Experiment About Test-First Programming

Author(s): M. Muller and O. Hagner
Venue: IEE Proc. Software
Date: October 2002


The main issue that Muller and Hagner were striving to solve is that nothing is concretely known about benefits of test-first methodology (by using test-driven development) versus traditional programming (done by the waterfall process). They proposed to conduct an experiment to find information on this.

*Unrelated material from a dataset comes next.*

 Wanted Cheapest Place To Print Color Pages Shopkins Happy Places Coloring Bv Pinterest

Between July 2001 and August 2001, a study on two groups of Computer Science graduate students was conducted at the University of Karlsnuhe, in Karlsnuhe, Germany. One of the groups consisted of 10 students who implemented a programming assignment using test-driven development. The other group had 9 students who implemented the same program using traditional, waterfall, methodology. The TDD group was the experimental group and the Waterfall group was the control group. They had to implement the main class of a graph library which contained only the method declarations but not he method bodies, which for the assignment, the students then had to implement. The project was conducted over two phases. The first phase was called the Implementation Phase, where the students just had to get the library working. The second phase called the Acceptance Phase consisted of running the library against an Acceptance test that checked for quality and reliability (long term stability). The program was built in the Java programming language, and JUnit was used as the testing framework.

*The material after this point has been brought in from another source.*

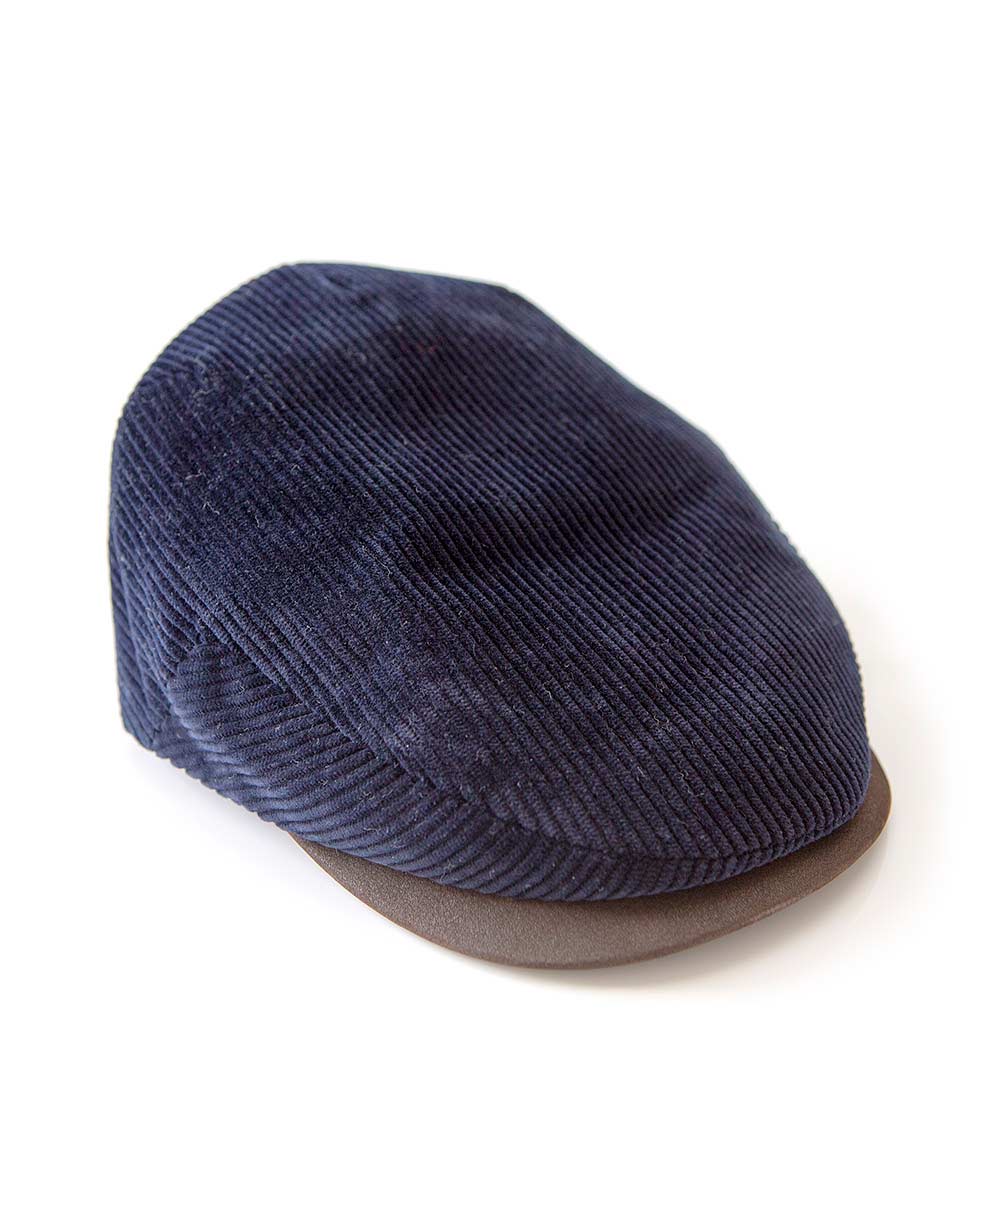 Corduroy Flat Cap with Leather Strap Navy

Three measures were used to compare the control group and the experimental group. These were programming efficiency, reliability of code, and program understanding. Many different results were analyzed. The TDD group had less errors with respect to code-reuse with statistical significance of P=0.09. They also had less reliable code with statistical significance of P=0.03. Other correlations were observed but none of them were statistically significant. These were that the TDD group spent less time in the Implementation Phase, had less errors when reusing methods more than once, and slightly better reliability in the final implementation of the library.

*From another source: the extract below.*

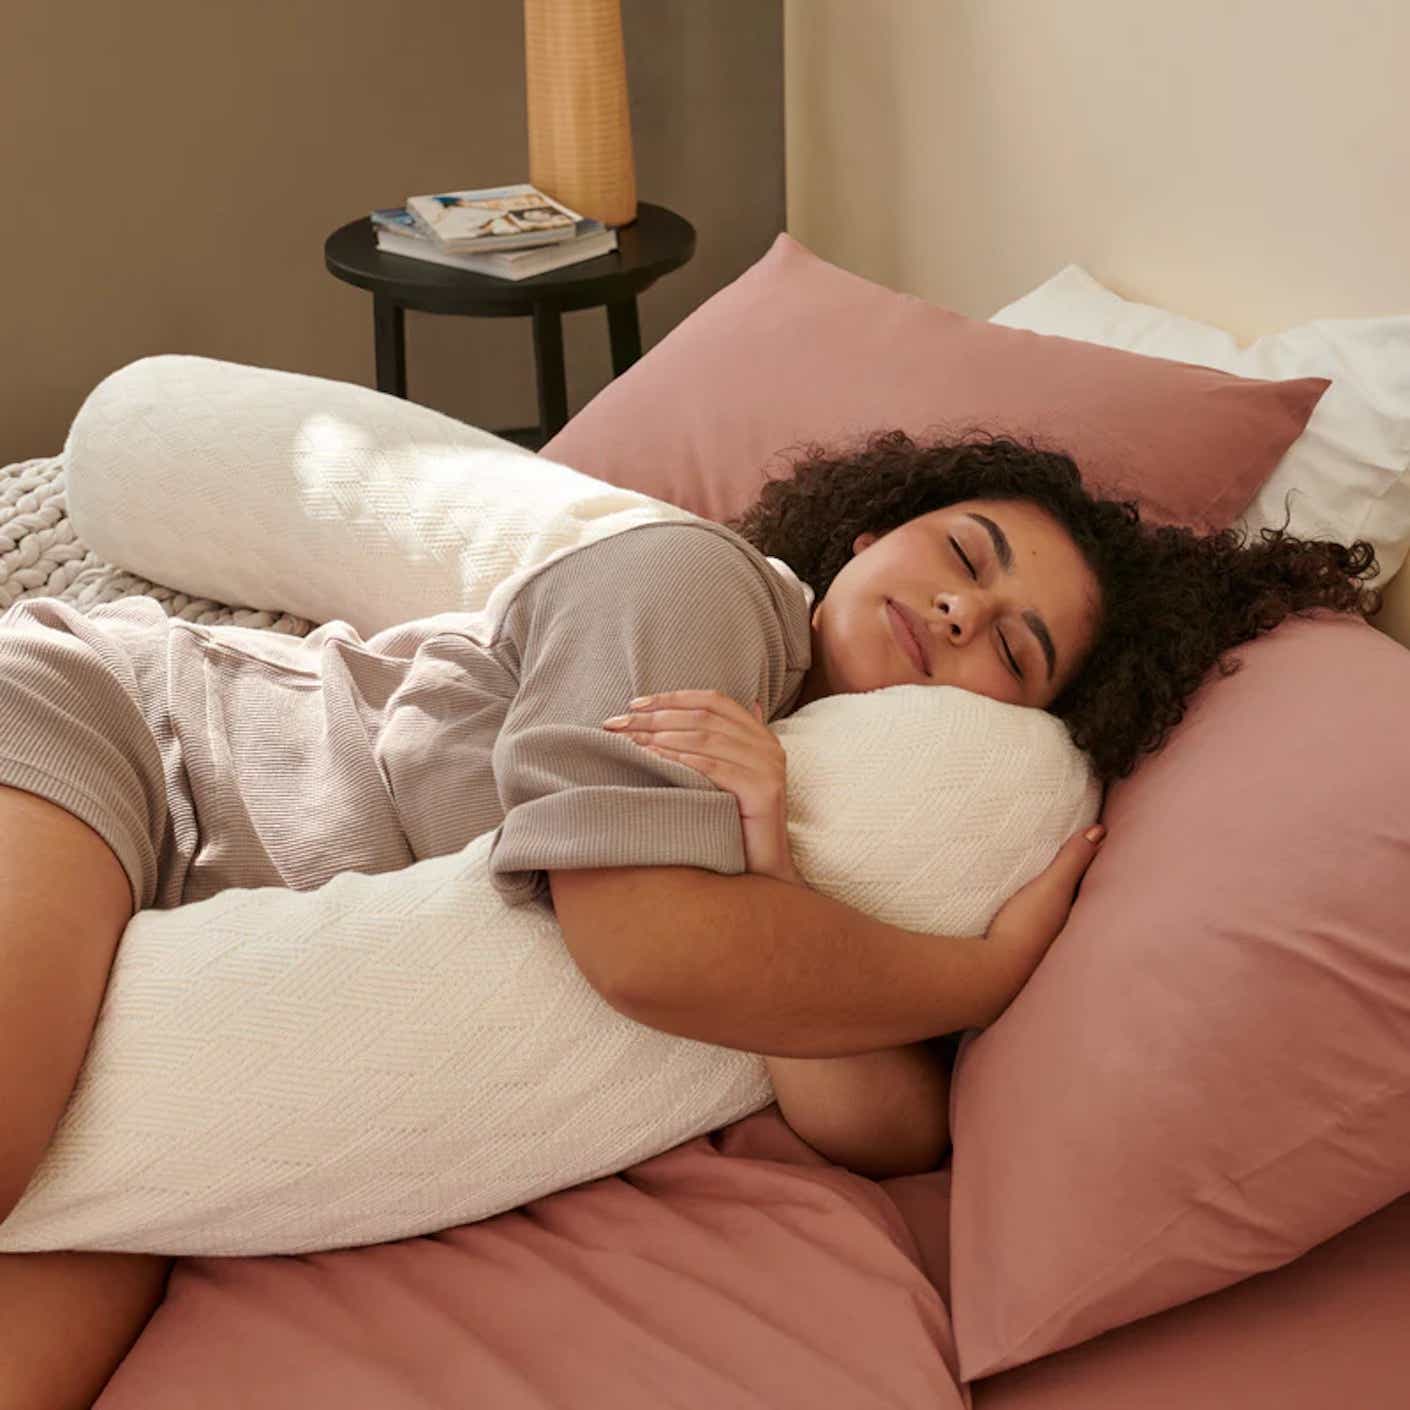 A woman blissfully hugs a body pillow in bed.

Muller and Hagner concluded that Test-First development does not accelerate implementation and results are not more reliable, but TDD seems to support better program understanding as measured by successful code-reuse. However, there is one big catch to this paper. Since the testing group was so small, there was only a 64.5% chance that there would be any noticeable differences between the groups. To see a greater difference and more statistically significant conclusions, this experiment must be conducted with larger group sizes.